As the S&P 500 Index breaks new records even as U.S. Treasury yields fall in anticipation of rate cuts, we believe it is time to be more cautious in overall stock and bond allocations. We see opportunities, however, to take advantage of underlying market dynamics. High-beta, small-cap and pro-cyclical stocks have not fully participated in the market advance, and we see pockets of attractive value and yield in global bond markets. As such, even as we move toward more neutral high-level asset-class views, we are pursuing stronger ideas for sub-asset class positioning, just beneath the surface.

One of the biggest puzzles facing investors in 2019 has been the way equity valuations have surged on a wave of apparent optimism at the same time as safe-haven government bond yields have plumbed new depths of apparent pessimism. One of these markets must be getting the outlook badly wrong, says conventional wisdom. Which is it?

We are not convinced there are pieces missing from this puzzle. We can go some way to explaining the phenomenon with simple mathematics: as bond yields fall, so do the discount rates on future earnings. All other things being equal, equity valuations will therefore rise. More pieces of the puzzle fall into place when we consider that both equities and bonds are pricing in the more dovish stance adopted by the major central banks—that has dragged down yields, but also supported stock markets as investors begin to anticipate the resulting stimulus effect. Both markets are manifestations of the looser financial conditions that form the objective of the new policy stance.

Looking Deeper

But we think the picture really becomes clear once we take a closer look at what has been happening within equity markets. For sure, most equity indices have performed well this year. It is important to note, however, that the United States has outperformed the more pro-cyclical, global trade-oriented European and emerging markets despite the apparently attractive relative valuations available there in January. Investor caution is evident in global equity allocations.

That caution has also been evident within the U.S. market. During this year’s rally, large-cap stocks have significantly outperformed the more pro-cyclical, lower-quality mid and small caps. Things look even starker when we split the market into low- and high-beta stocks: low-beta has been outpacing high-beta for years, and has opened up a near 14-percentage-point gap over the past 12 months alone. High-beta stocks are the more volatile of those stocks that are the most sensitive to the movements of the overall market—again, this pattern betrays how much caution and desire for safety underlies the new record highs being set by the S&P 500 Index.

That caution is warranted. The tensions between the United States and China on trade have been worsening for much of this year rather than easing, as many had expected. Concerns about deflation have gripped markets following recent soft Consumer Price Index (CPI) releases in both Europe and the United States, and volatile U.S. non-farm payrolls and wage data. The message from the European Central Bank (ECB) and the Federal Reserve about the importance of maintaining their inflation targets over the long term has become more urgent.

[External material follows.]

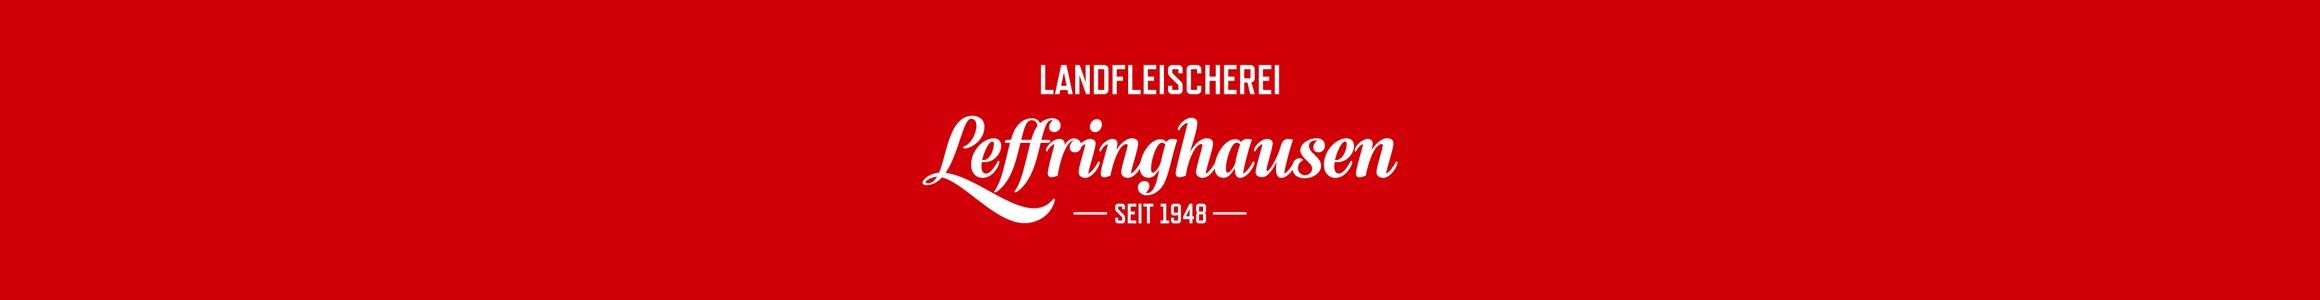 leffringhausen_landfleischerei_logo

We think we may be in the trough of economic performance and sentiment, however. Investors were cheered by the apparently productive meeting between presidents Donald Trump and Xi Jinping at the G20 meeting at the end of June. The United States dropped its threat of new tariffs and adopted a softer stance on Huawei, and both sides pledged to keep talks open. On inflation, while CPI releases appear weak, we believe some of this is due to temporary effects, such as gaps in the data due to the U.S. government shutdown at the start of the year. After undershooting expectations in May, U.S. payrolls data bounced back strongly in June. And beneath the surface we see potential evidence of higher future inflation creeping into some of the more leading indicators.

We do think that the Fed will deliver 25 to 50 basis points of cuts by the end of the year, but, particularly after the June payrolls print, we also think we will see clearer evidence of higher inflation before the central bank has time to deliver all of the cuts that futures markets are currently pricing in. At that point, the prospect of a more benign, moderately rising inflation environment, as well as the stimulus of looser global financial conditions coming from the potential long-awaited weakness in the U.S. dollar, could make investors more inclined to adopt risk.

Potential Rotation

That could be tough for core government bonds and positive for risk assets. Nonetheless, for now the AAC has reserved a strong underweight view only for deeply negative-yielding markets such as German and Japanese government bonds. It retains a moderate underweight in U.S. Treasuries. In addition, this quarter it decided to downgrade its view on global equities to neutral.

The third quarter tends to be a time of scant liquidity and high volatility. We also anticipate a few more weak economic data prints before the picture turns around more decisively. And while the market can get things wrong, it is risky to bet against it when it expresses the kind of certainty we currently see in bond and rates pricing. As a result, our high-level asset class views have moved toward neutral market weights.